I saw a car accident this summer. On a highway in Wisconsin, my dad and brother were cruising towards Green Bay with me. In front of us, a car suddenly went off the road into the median ditch. The car flipped a few times and landed right side up. We pulled over and ran down to the car. Several other people stopped… and soon there were a dozen of us crawling into the car and trying to get doors open. The air bags had left a strange smell in the air, along with the brake fluid and whatever else was leaking out of the car. The couple in the car were semi alert and somewhat hurt. While my brother called 911, my dad helped the driver, an older woman who seemed to be extremely drowsy. I could not pry the passenger door open and the older man inside was struggling to breathe a bit and couldn't hold his head up. His legs were pinned, so clearly he wasn't going anywhere until the fire department arrived with something to open up the vehicle. So I climbed in behind the driver side, over to the man and held up his head. That's all I could do. He was bleeding a bit and wheezing. I remember praying with God that I'd like to see the man healed and to walk out of the wreckage. Meanwhile, I held his head and waited for the rescuers to arrive.
That's my view. The passenger's view was a bit different…
…He was comfortably, I assume, strolling down the road as a passenger.
Everything was out of his hands… and it was all going along just
fine. Then suddenly he was flipping through the air, the sounds of the
tires coming off the ground resonating eerily forever.
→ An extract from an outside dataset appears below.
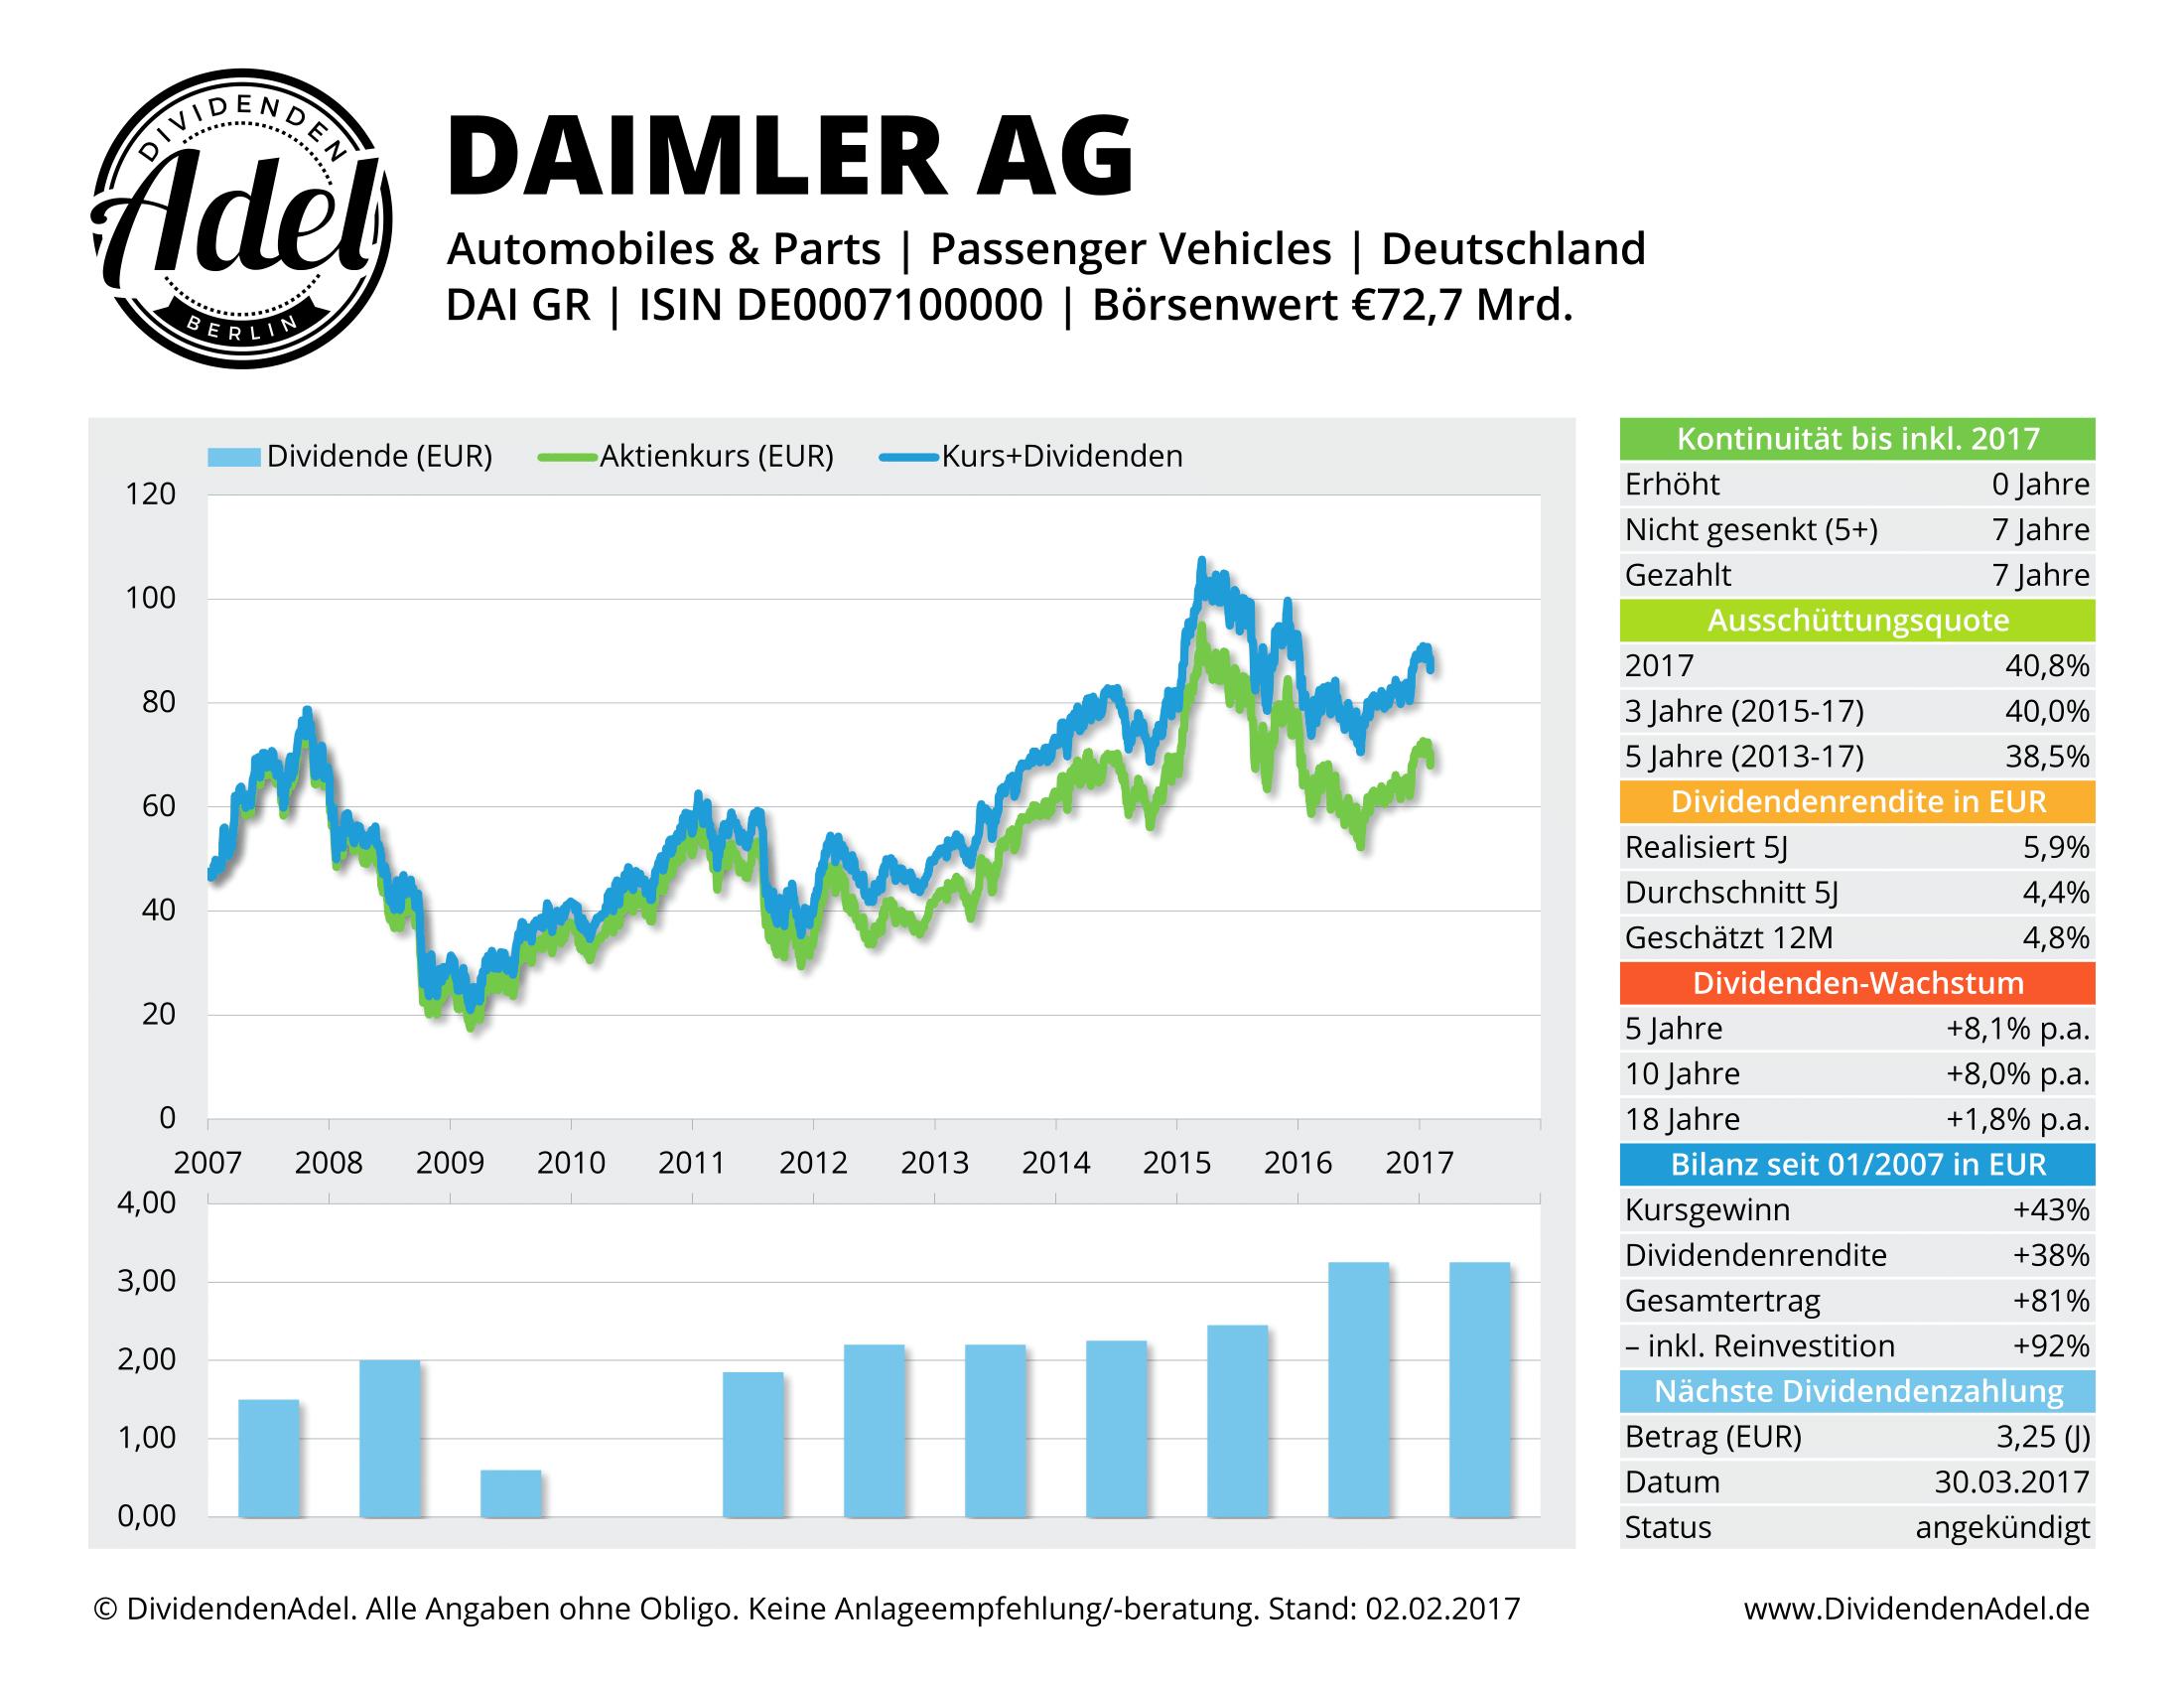 DividendenAdel Dividendenprofil Daimler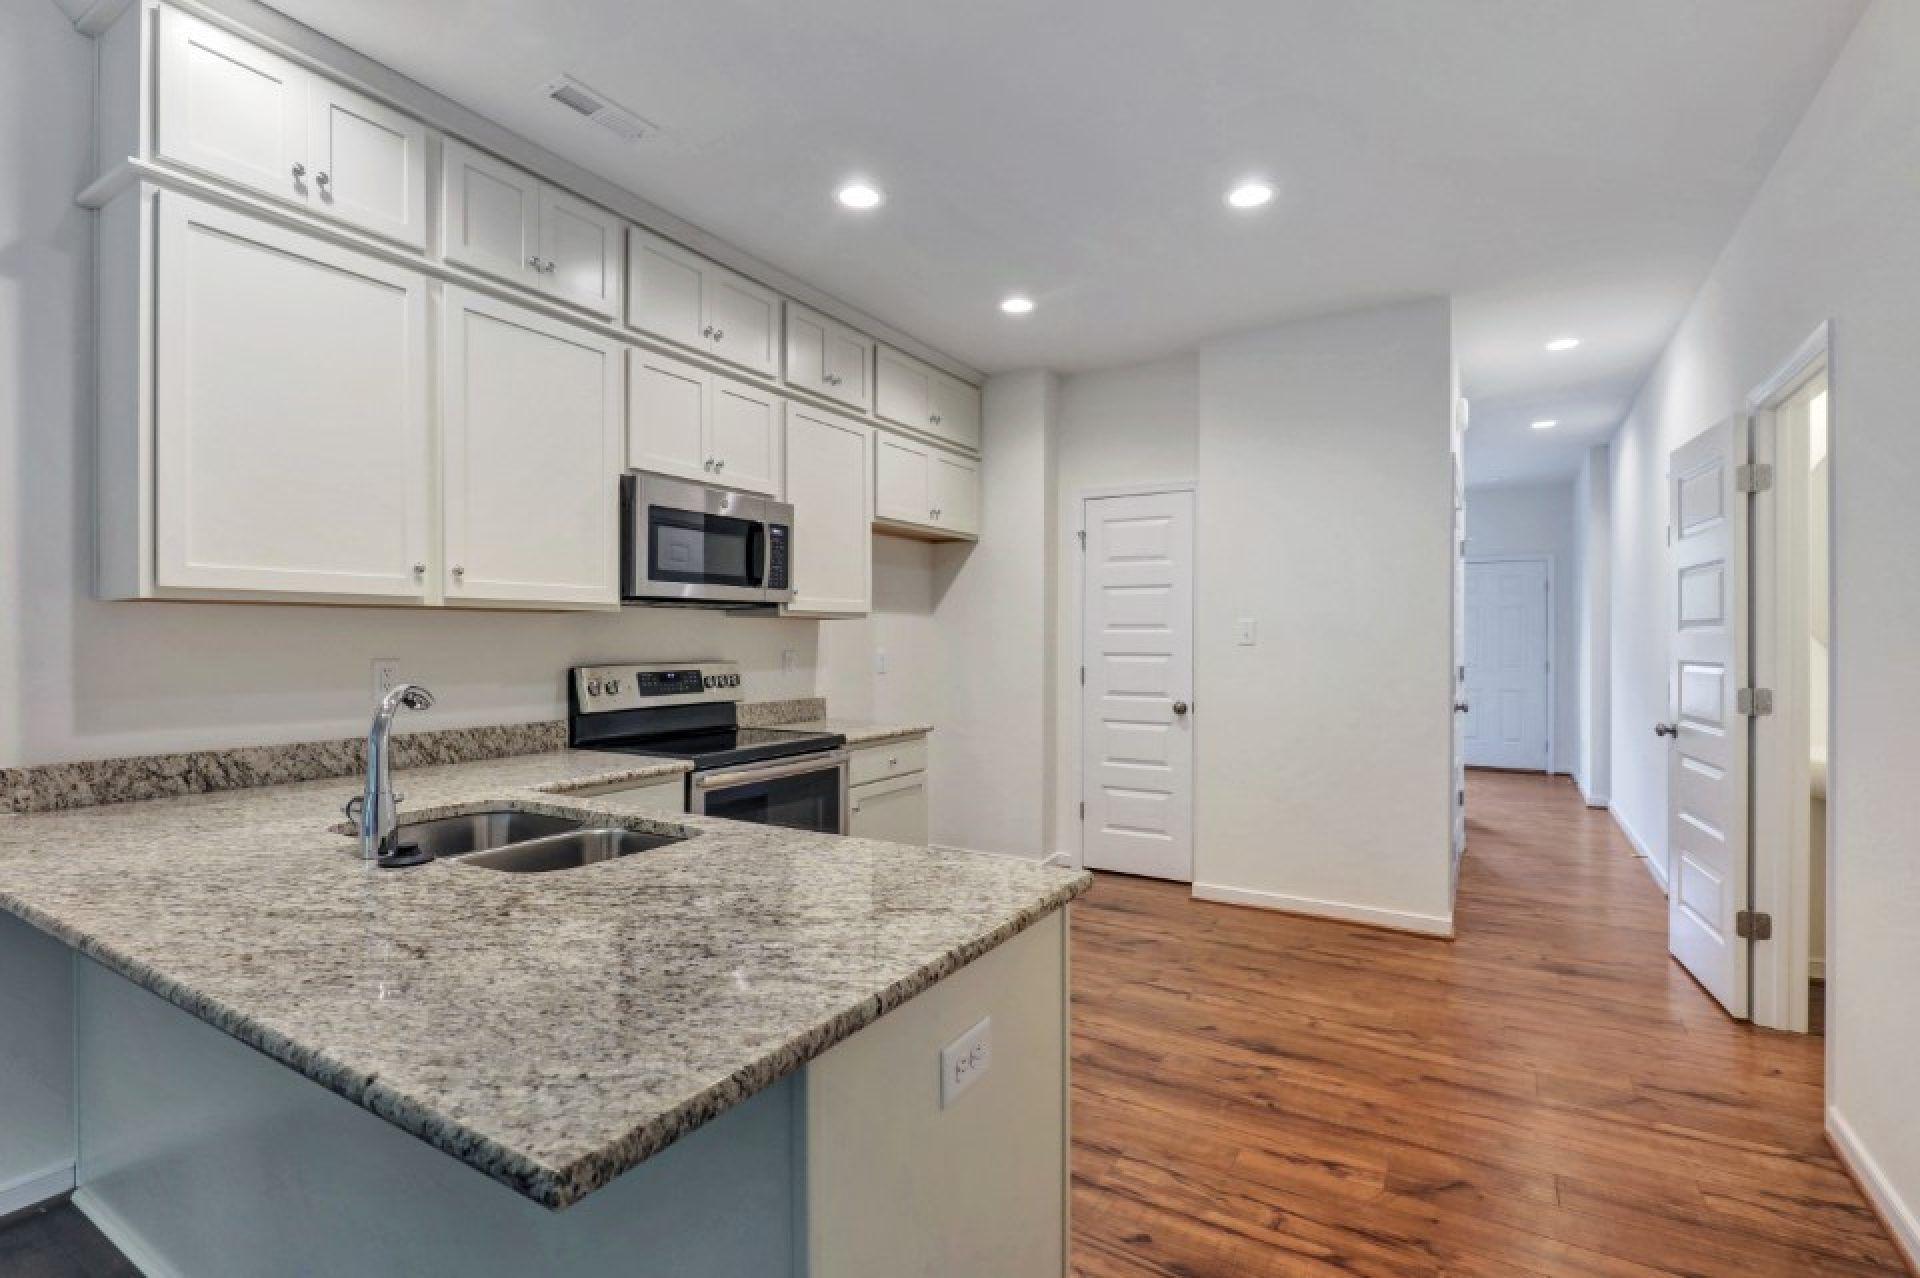 Kitchen featured in the Belmont By HHHunt Homes LLC in Richmond-Petersburg, VA

With traumatic
thuds the car would hit the ditch and keep spinning. His head and neck
must have been whipping around. I guess it was the second flip that
pinned his legs and the third flip that finally brought him to a
stop… stuck in the middle of wreckage. He was only slightly aware of
the circumstance he was in. Breathing was difficult.
What does a person do when they've been through a wreck and they are
trapped in the car, confused about what just happened, struggling to
figure out what's going on? What does a person do when they've been
through a traumatic experience and can't just walk away from it?
Sometimes the answer is to wait through the wreckage. Sometimes we
can't just find rest, we can't just take a day off, we can't just wish
our circumstances away. Sometimes we are wrecked and we need to wait
through it.
It wasn't more than a few minutes before some paramedics arrived, some of whom were off duty and had just been driving by. They
relieved me of my head-holding job and took over, knowing what to do to
help the man. My dad and brother and I made our way back to our car.
I noticed I had some blood on my finger and realized I had a sliver of
glass sticking in it. All I had to do was pull it out and put a napkin
on my finger for a while. That older couple, on other hand, were going to be
waiting a while before this ordeal is all done.
In my post yesterday I talked about being wrecked physically and
emotionally this week. The comments were fantastic. Yes, rest is what
I need. Absolutely. Sabbath is essential and it must not be
neglected. And yes, time with the Lord is the answer. Absolutely.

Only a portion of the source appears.